The port said Grep.n: unexpected field. This PR ports the original's format: the three curated categories (missing / unexpected / type-mismatch) grouped in the original's order, JS-flavored received-type names (number, never integer), singular/plural header. Uncategorized issues (enum, oneOf/anyOf) keep the port's readable per-issue fallback — the original dumps zod's raw error.message JSON there, which is strictly worse (deliberate, documented deviation).

Gap 2 — semantic coercion (behavioral parity bug)

The original wraps model-facing boolean/number fields in semanticBoolean / semanticNumber (typescript/src/utils/semanticBoolean.ts, semanticNumber.ts) — zod preprocess steps inside the validation schema used by Bash, FileEdit, FileRead, Grep, PowerShell, CronCreate, SendMessage and TaskOutput. Quoted scalars — "-n": "true", "head_limit": "30", "replace_all": "false" — the most common third-party-model flake — validate and coerce there, and the coerced data (parsedInput.data) is what flows to hooks/permissions/call (toolExecution.ts:669→821).
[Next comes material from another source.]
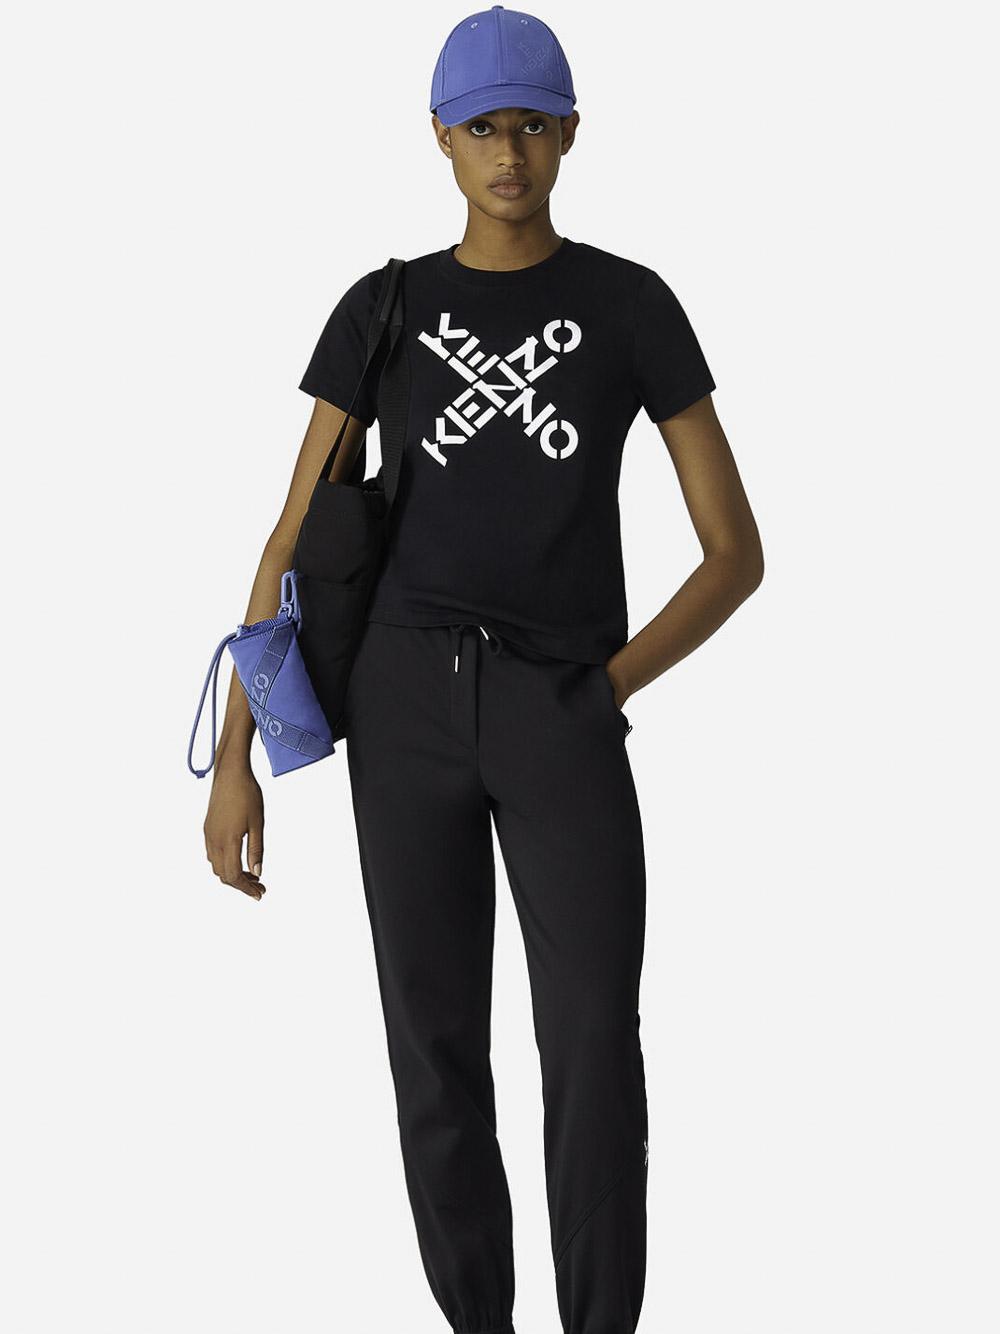 KENZO Μπλούζα t-shirt 2TS8504SJ-99 ΜΑΥΡΟ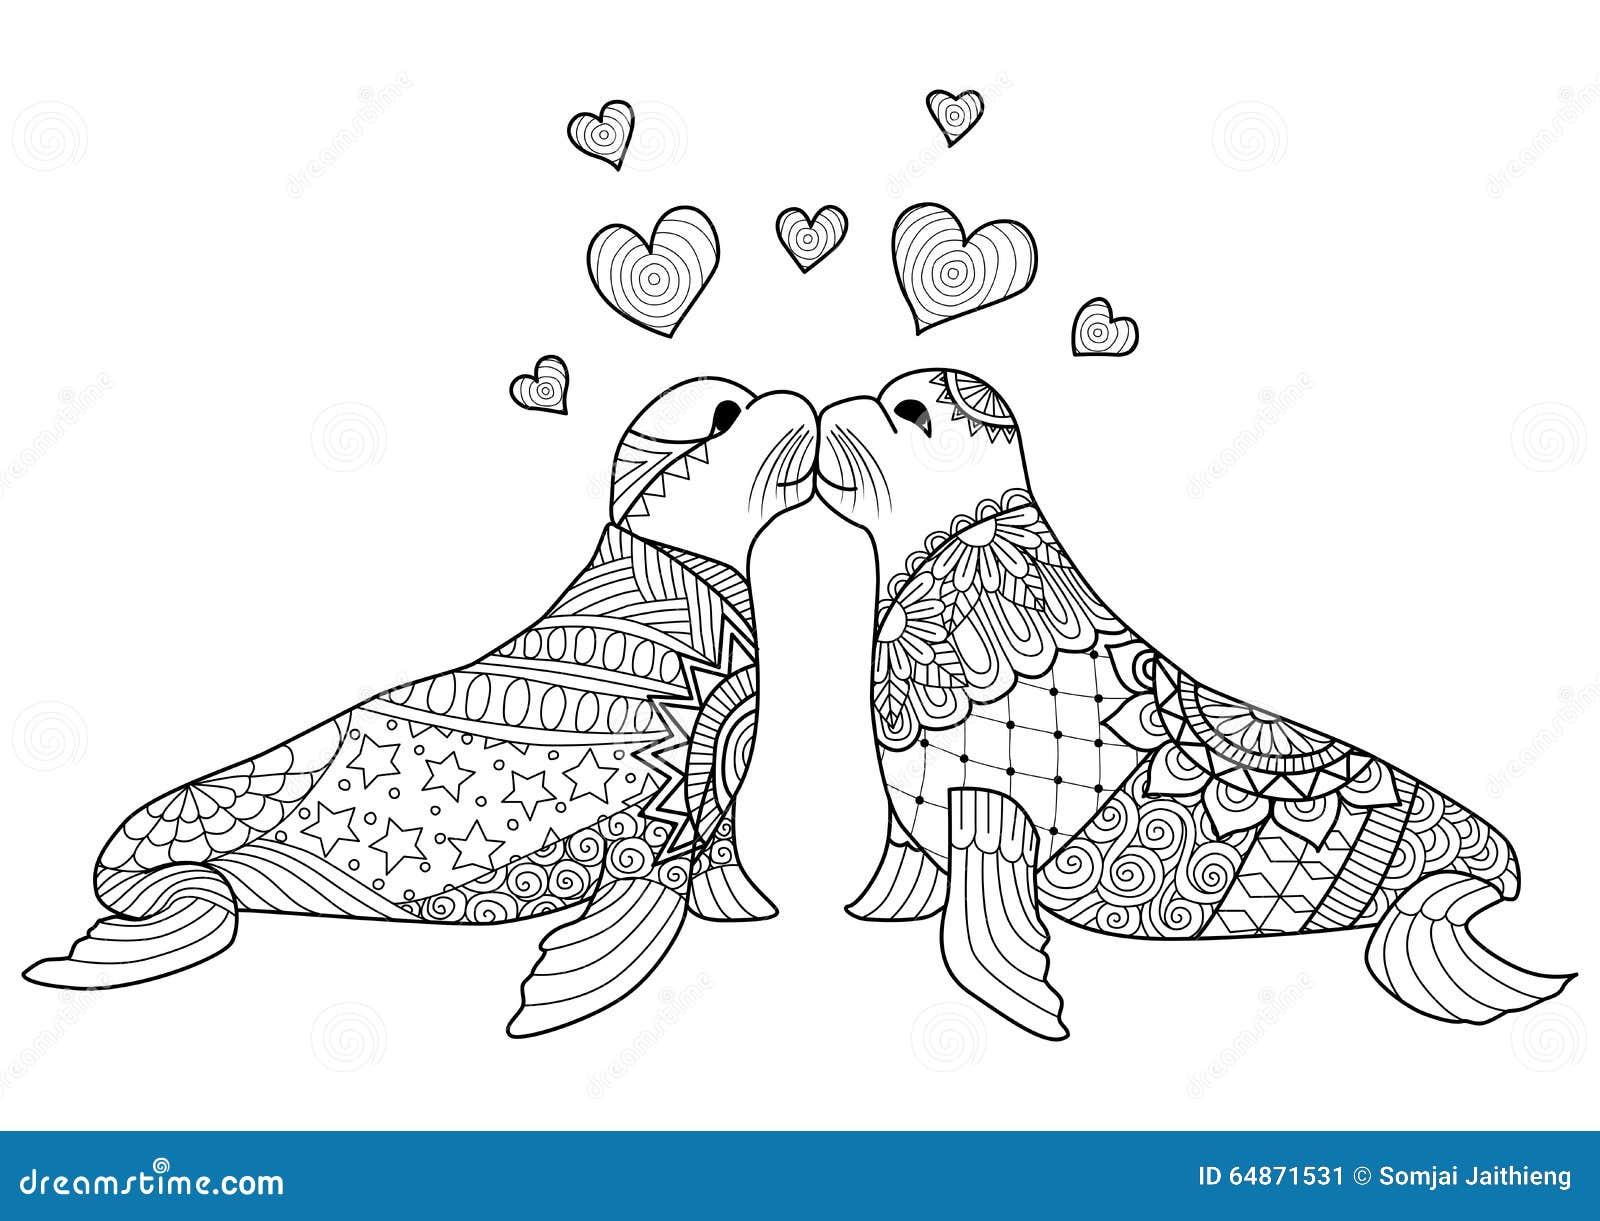 Coloriage adulte animaux phoque - Coloriage de phoque ...

The port validated the raw JSON schema first, hard-rejecting all of those (expected boolean, got string), which also made the tools' call-time coercion helpers (_semantic_bool/_semantic_int in grep.py) dead code.

Fix: semantic_coerce() runs before validation in the new validate_tool_input() entrypoint, and both dispatch paths (services lane tool_execution.py Step 3; registry.dispatch for mcp-serve) carry the coerced input forward. Semantics mirror the TS wrappers exactly:

  • booleans: only the exact literals "true"/"false" (JS-truthiness would turn "false" into True)
  • numbers: only /^-?\d+(\.\d+)?$/ literals, gated on JS-finiteness (Number("9"×400) is Infinity in JS and is not coerced there — mirrored)
  • anyOf/oneOf nodes never coerce (the original's unwrapped unions — ConfigTool.value keeps "true" a string)
  • copy-on-write: the original input dict is never mutated (the assistant message's recorded tool_use block shares it)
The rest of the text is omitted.